As someone observant of “skim, scam and fraud”, a similar very skeptical eye should be applied to Tesla product announcements.
Tesla autonomous robotaxi isn’t a service at scale right now.
At best, Austin, Bay Area, and now Dallas and Houston, are small demos that serve as marketing stunts near earnings releases (Wed, April 22). The vast majority of this is human supervised driving, not real L4 autonomy.
After you follow Tesla for awhile you realize most of this is pretend - the product is the product announcement, not an actual product, which many times never comes to exist in a material way or is something much less than the revolution promised (Semi, Roadster, the low cost model, FSD in robotaxi and personal cars, Cybertruck, Dojo1 & 2, 20 million vehicle sales - it’s a long list).
To add to the points made above about insufficient hardware,
First - they don’t have an autonomous vehicle with demonstrated safety at scale and every indication so far is that any expansion will be slow and incremental with one city at a time and then step by step expansion of range within each city (larger service area, tricky intersections/school zones/railroad/highways, etc).
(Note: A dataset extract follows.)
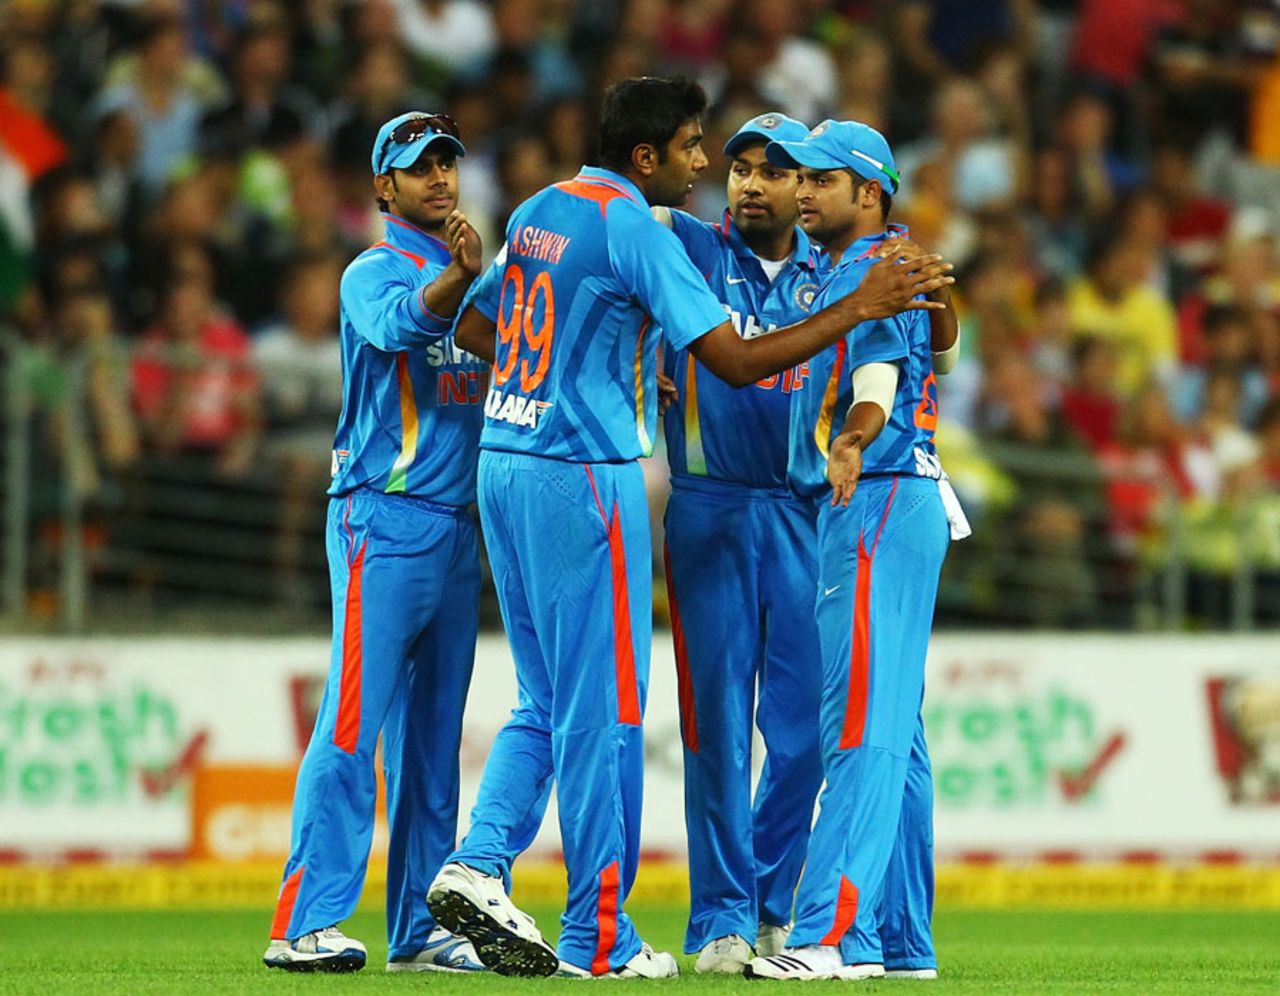 R Ashwin got rid of Travis Birt, Australia v India, 1st Twenty20, Stadium Australia, Sydney, February 1, 2012

Tesla has shown zero autonomy on highways.
Second - Even if Tesla gets some capability of autonomy (it will be in limited geofenced areas, not nationwide),
Is Tesla ready to, after the flip of a switch, instantly accept liability for FSD driving decisions across a consumer (owned and maintained) fleet of newly activated cars? I doubt it.
Tesla has a market cap of about $1,450 billion and last year had net income of $3.79 billion (on revenue of $95 billion) for a P/E of 385 and net income margin of 4%.
Whatever is driving the stock valuation, it is not actual products.
From the history books, Oct 2016
We are excited to announce that, as of today, all Tesla vehicles produced in our factory – including Model 3 – will have the hardware needed for full self-driving capability at a safety level substantially greater than that of a human driver.